This recommendation applies to asymptomatic women with unknown BRCA mutation status. It includes women who have never been diagnosed with BRCA-related cancer, as well as those with a previous breast, ovarian, or peritoneal cancer diagnosis; women who have completed treatment; and women who are considered cancer free.

Assessment of Risk

Mutations in the BRCA genes cluster in families, showing an autosomal dominant pattern of transmission in the mother’s or father’s family.
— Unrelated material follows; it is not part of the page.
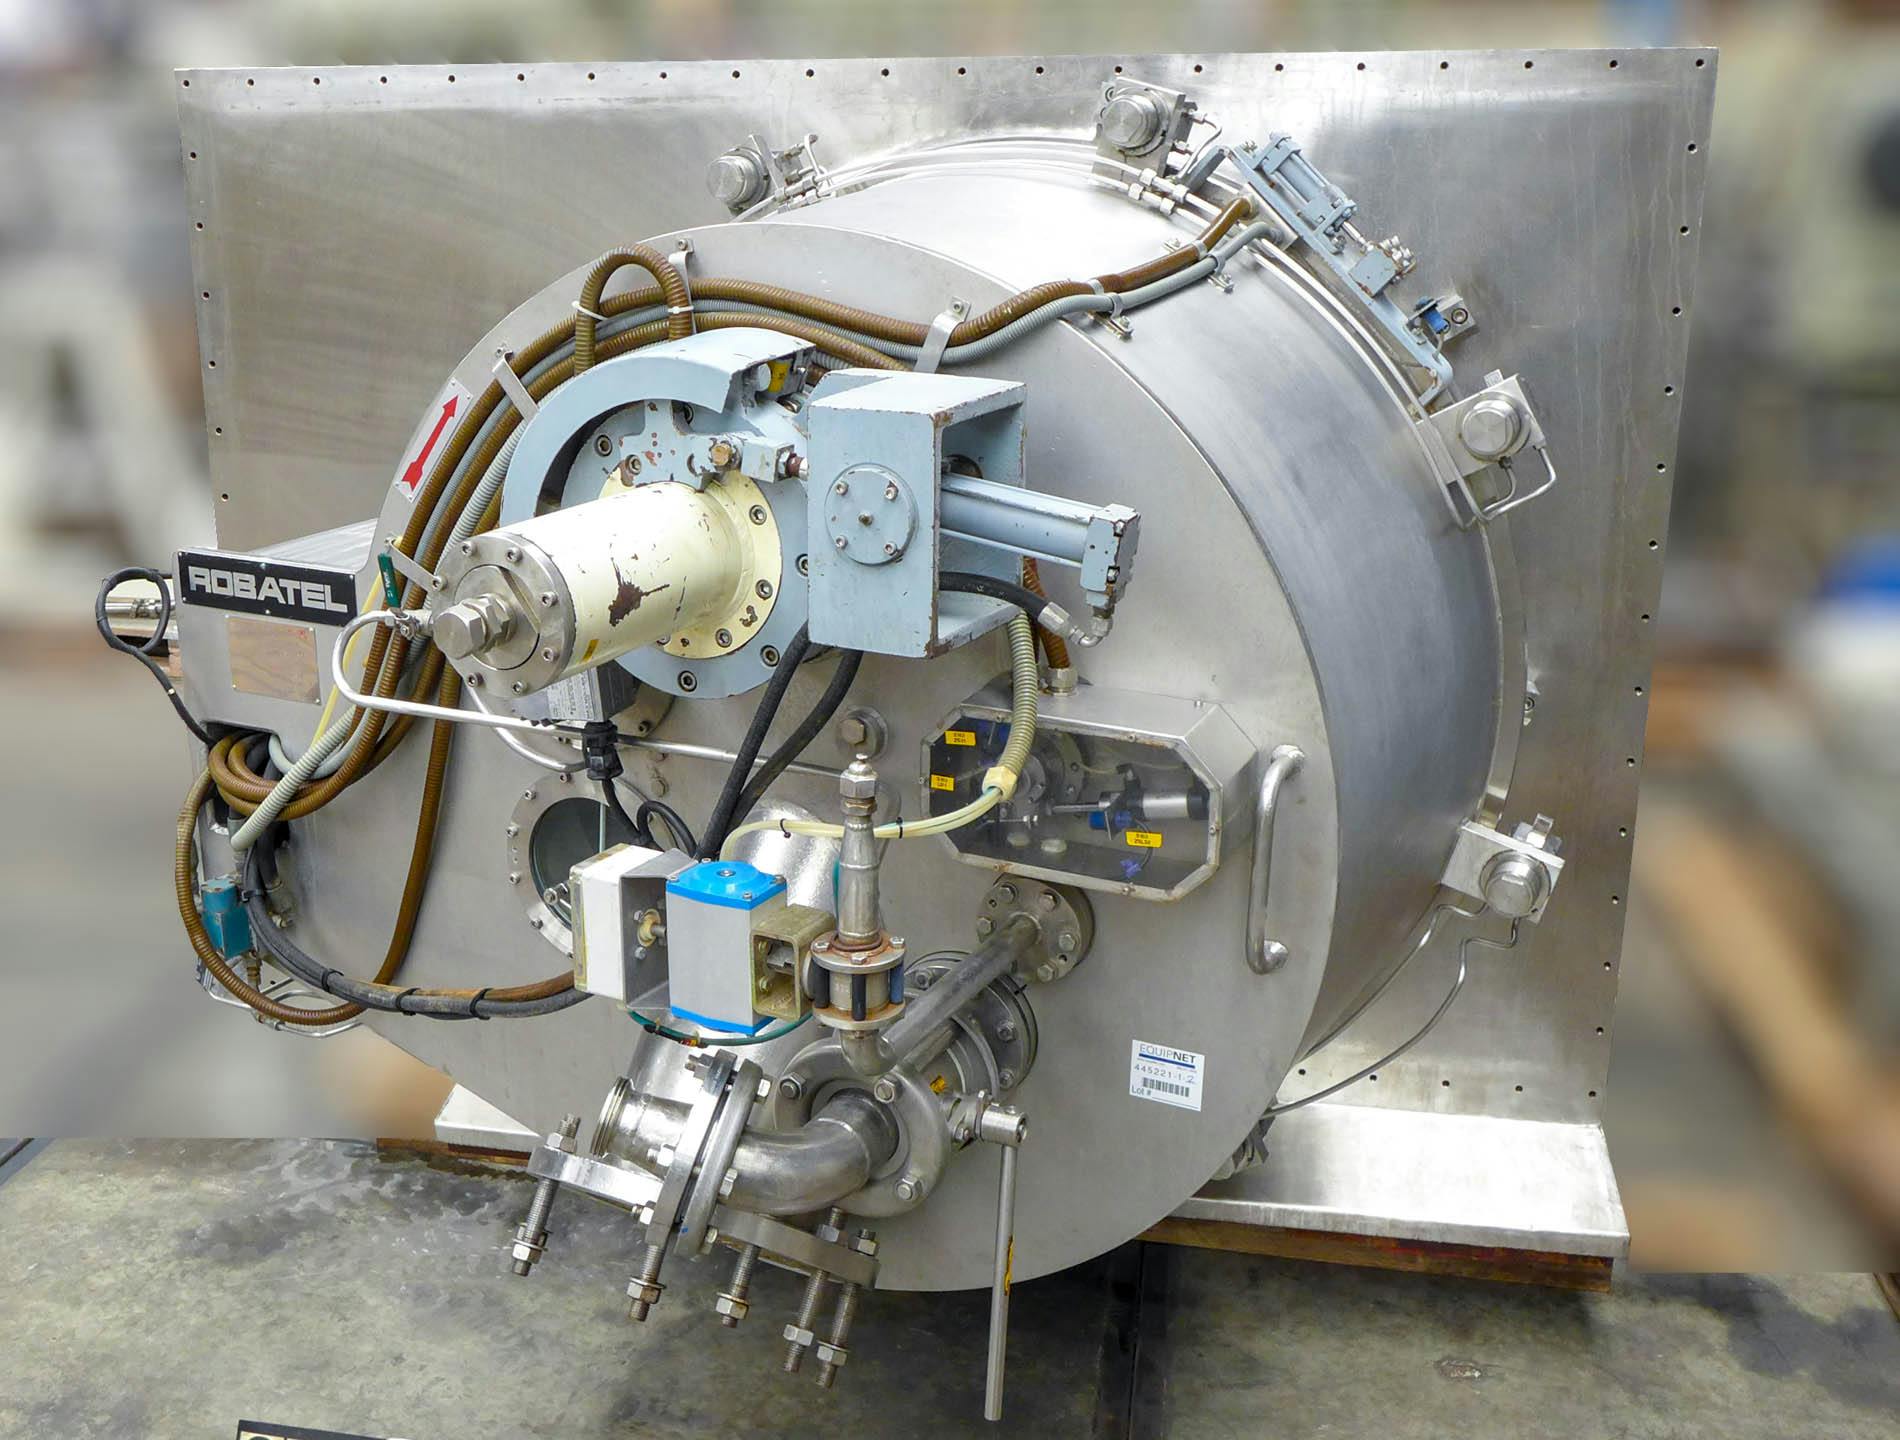 Robatel horizontal peeler centrifuge - Wirówka z obierakami - image 3
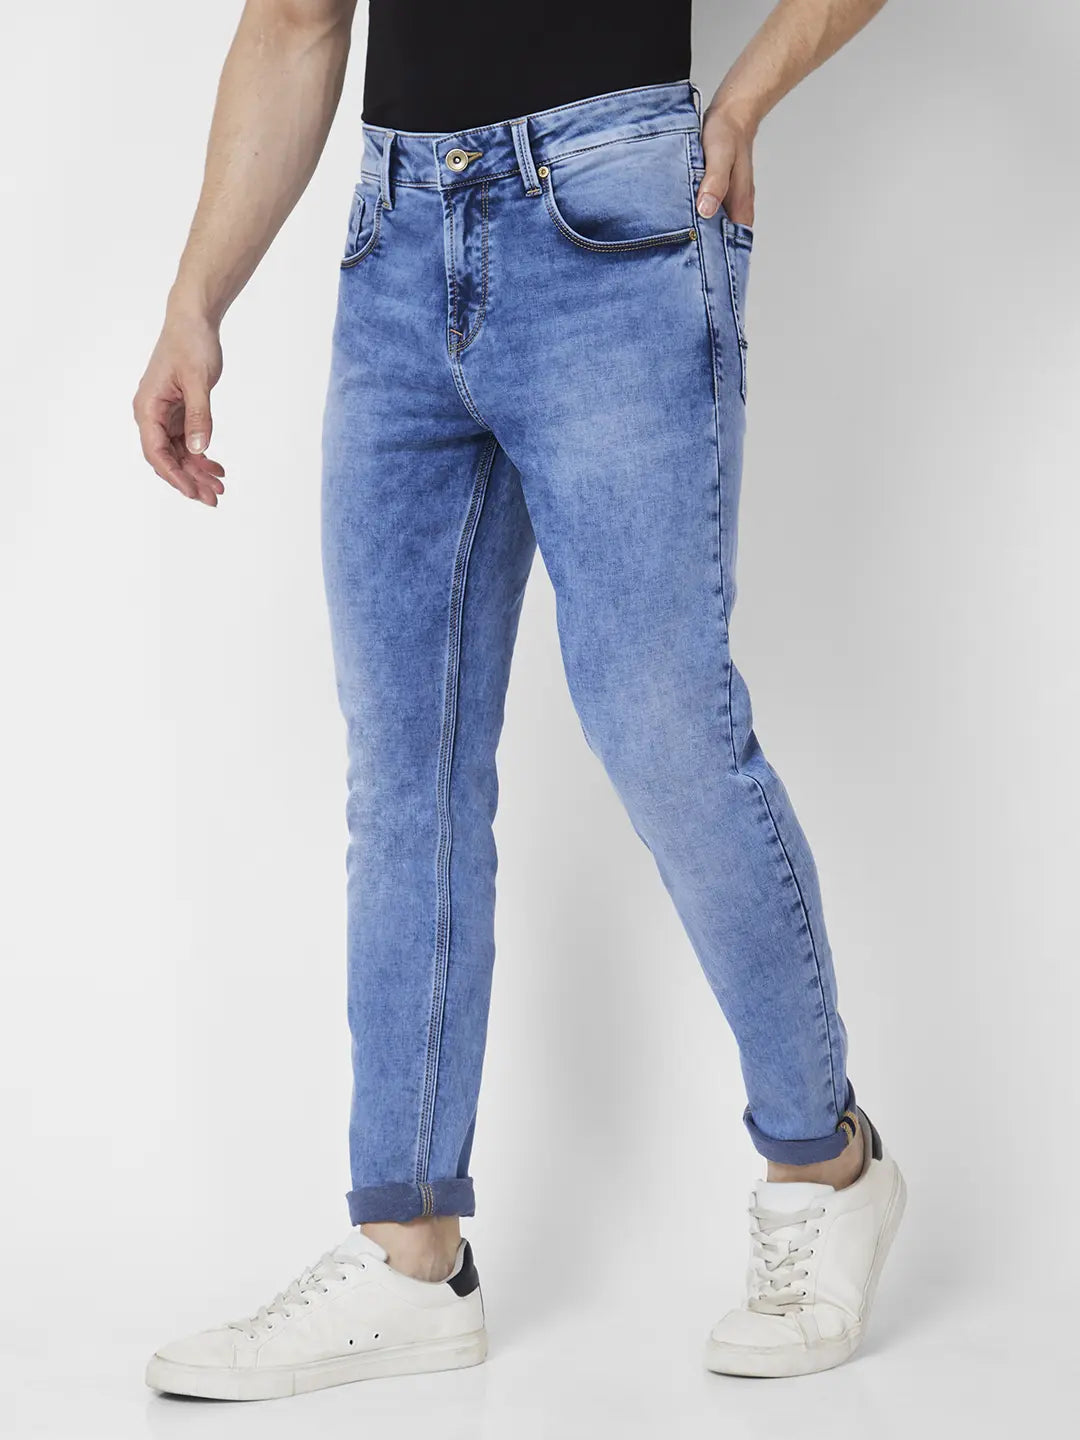 Buy Men Light Blue Cotton Stretch Slim Fit Jeans @ Rs3,799

When taking medical and family history information from patients, primary care providers should ask about specific types of cancer, primary cancer sites, which family members were affected, relatives with multiple types of primary cancer, and the age at diagnosis and sex of affected family members.

For women who have family members with breast, ovarian, or other types of BRCA-related cancer or have a personal history of these types of cancer, primary care providers may use one of several brief familial risk stratification tools to determine the need for in-depth genetic counseling. Although several risk tools are available, the tools evaluated by the USPSTF include the Ontario Family History Assessment Tool, Manchester Scoring System, Referral Screening Tool, Pedigree Assessment Tool, FHS-7, and brief versions of BRCAPRO. All of these tools are clinically useful predictors of the likelihood of potentially harmful BRCA mutations and can be used to guide referrals to genetic counseling for more definitive risk assessment.14 General breast cancer risk assessment models (e.g., the National Cancer Institute Breast Cancer Risk Assessment Tool, which is based on the Gail model) are not designed to identify BRCA-related cancer risk and should not be used for this purpose.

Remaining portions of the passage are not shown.